There is really something admirable in the stories of people abandoning modern conveniences to lead a sustainable life – the good life. Those who lobby for the rest of us so the laws could be changed. Those who made it their life to change and save the world. It would make you think they’re doing it for the rest of us who couldn’t get off our backside and do something.

But a good majority of us lead many lives, and priority goes to what puts food on the table or what makes us happy. And I guess, I am one of those people. But, I wanted to learn how I can do my bit. Without a drastic change to the way I live. Without feeling deprived of the niceties of life that I thought I deserve.

Maybe it’s better to do the little things than not to do anything. I care enough about what kind of future I leave my children to start doing something.

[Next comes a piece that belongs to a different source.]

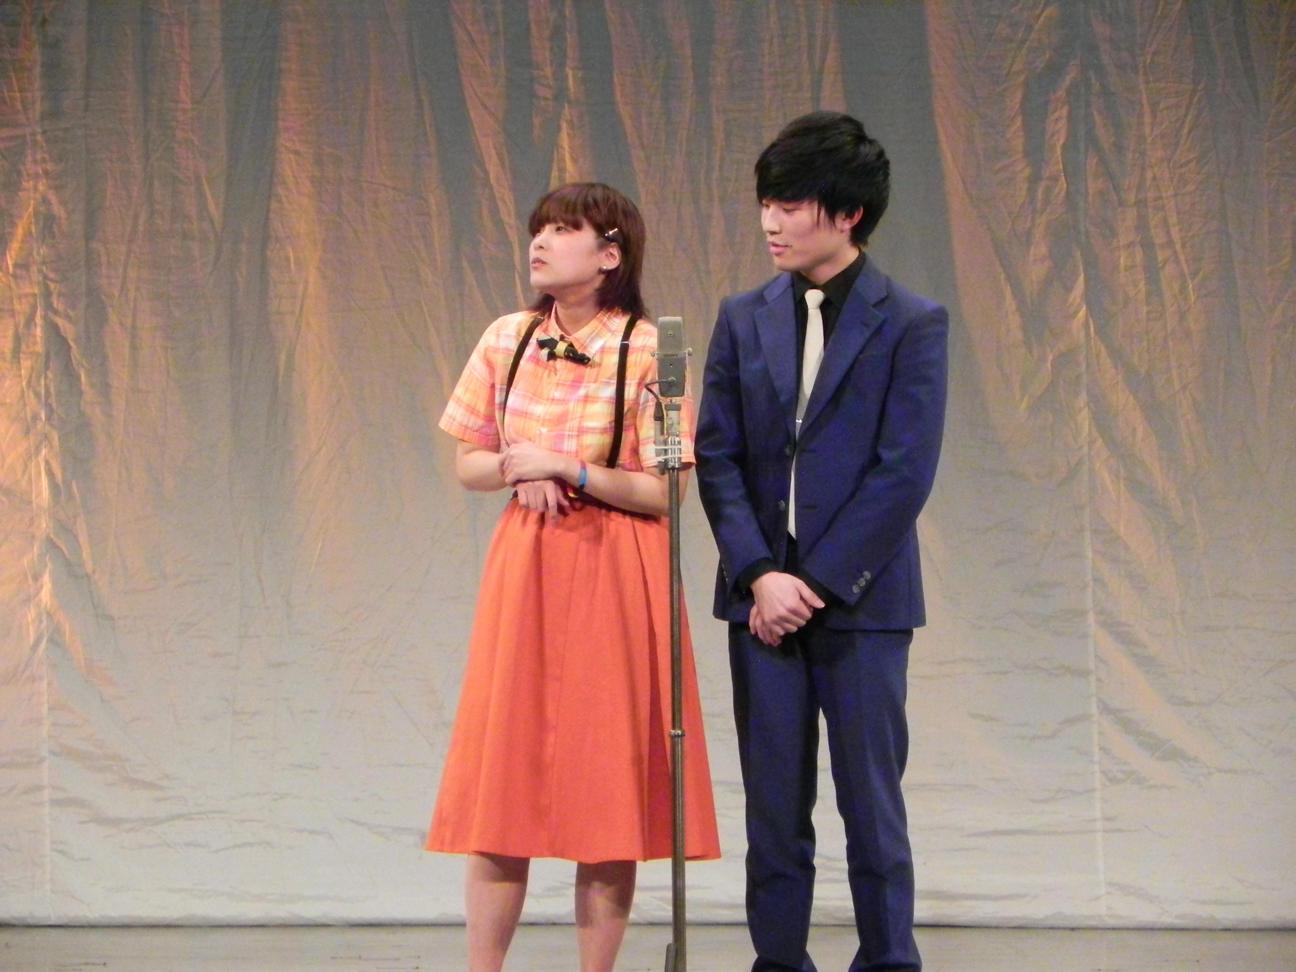 http://news.yoshimoto.co.jp/20170228144134-3be1a803a832caa3f5cf8fe565e19f0134eb8d99.jpg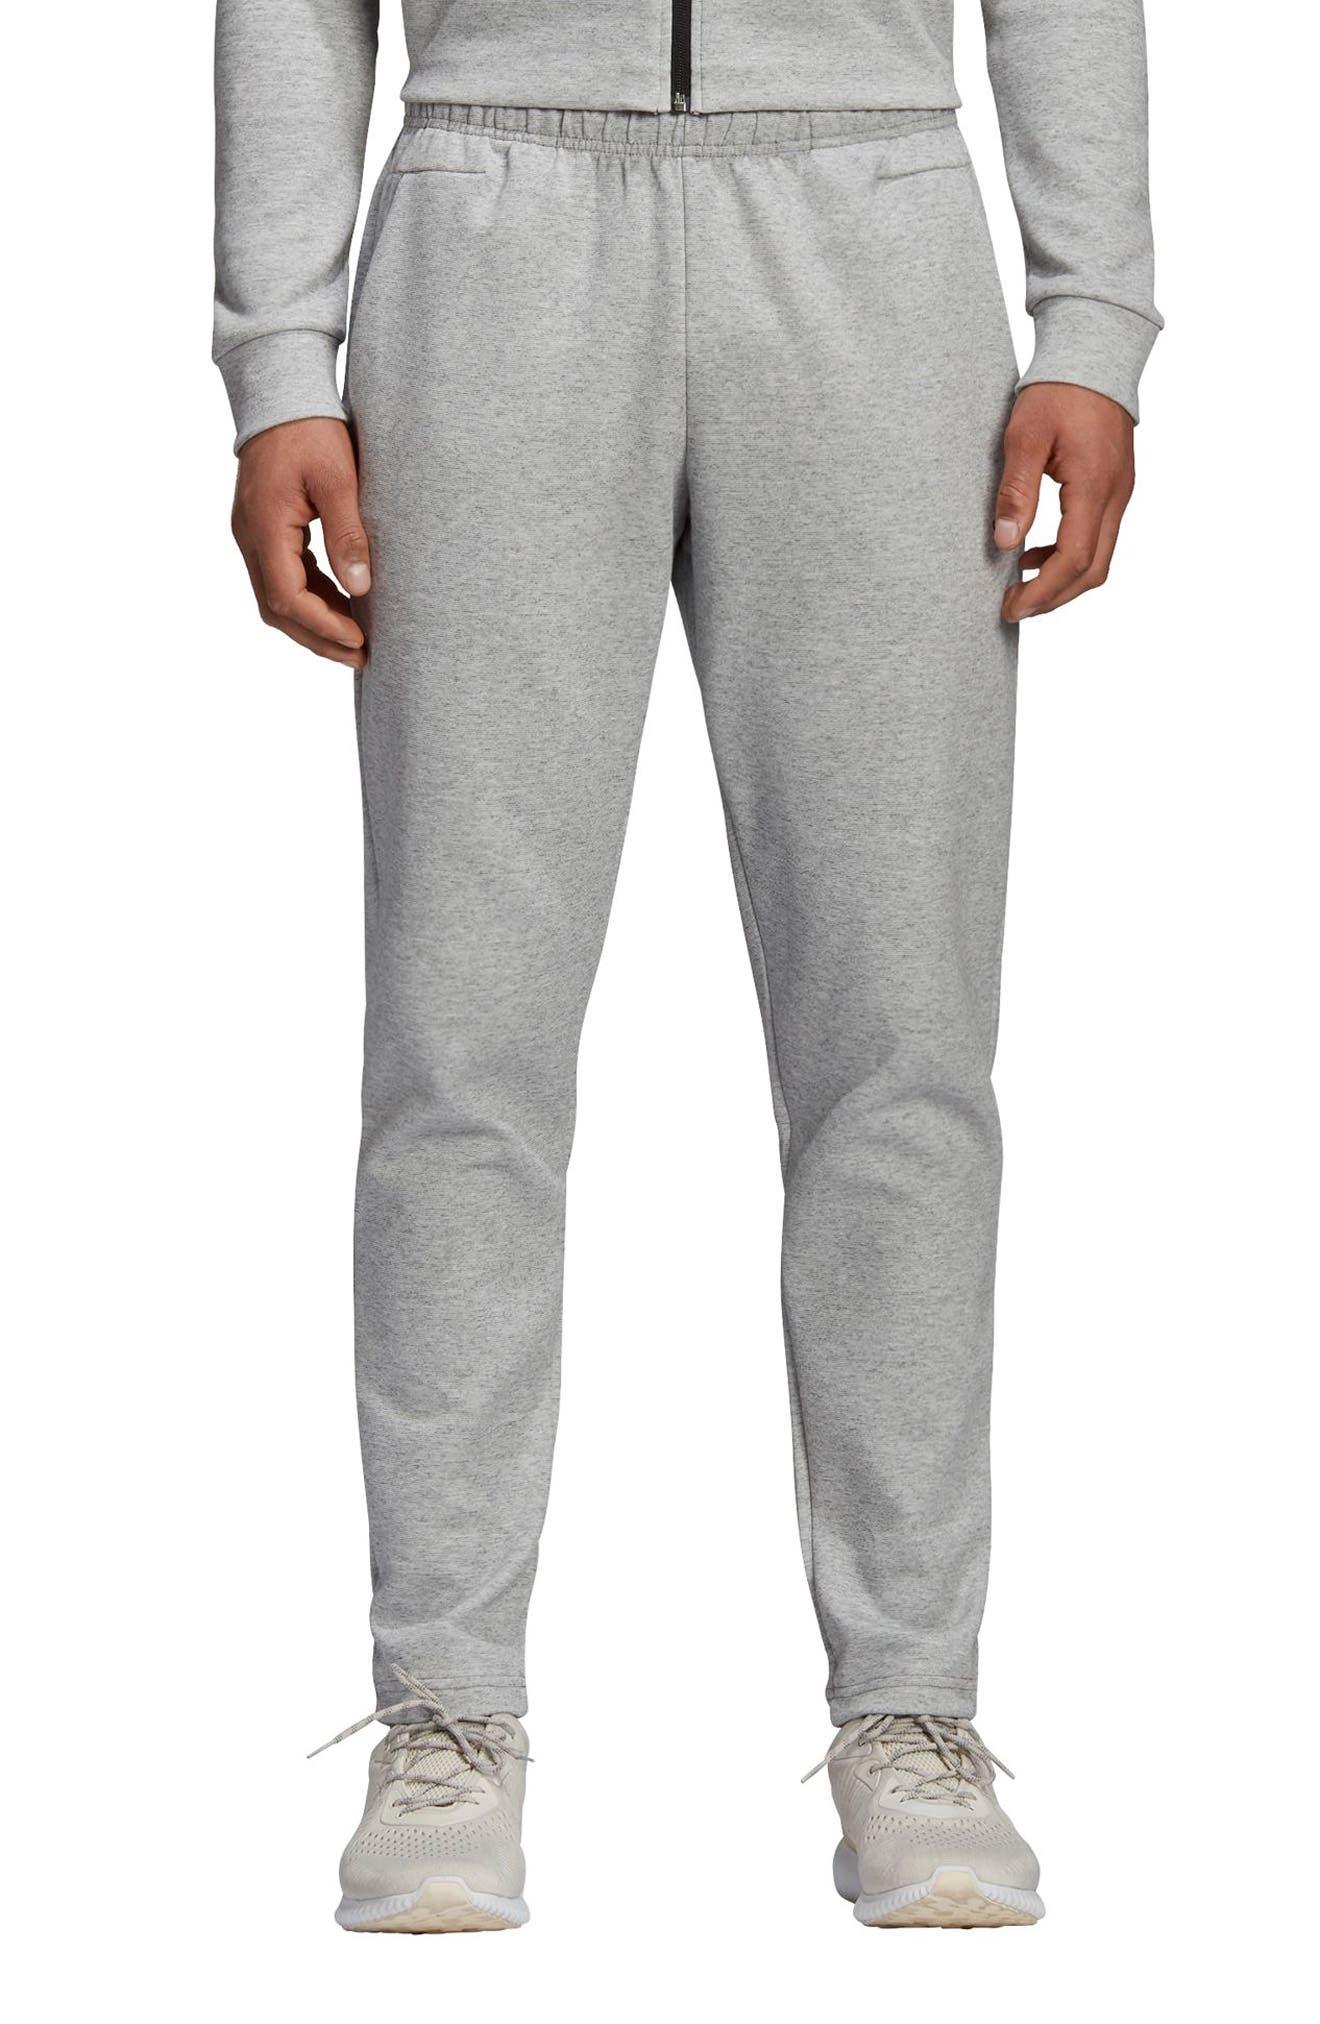 ID Stadium Knit Pants,                         Main,                         color, Stadium Htr/ Grey

And sharing the things that we learn are really what guui is all about. It’s learning what needs to be done without blindly accepting what is commonly perceived as ‘good’. It’s not about being political. We accept that the government needs to do their bit. But, we can do so much more without the government’s bidding. It’s not about forcing people to do something, it’s about realising that everybody actually cares, most of us just don’t know that we can actualy do something or how important the issues really are. It’s about  voting with our money. Being a responsible consumer. Taking responsibility without sacrificing our standard of living.

It’s a small step at a time…until we make a habit out of caring…until doing these little bits become second nature. And keep doing more. It isn’t the good life. Nor is it all glamour and excesses. It’s the guui lifestyle.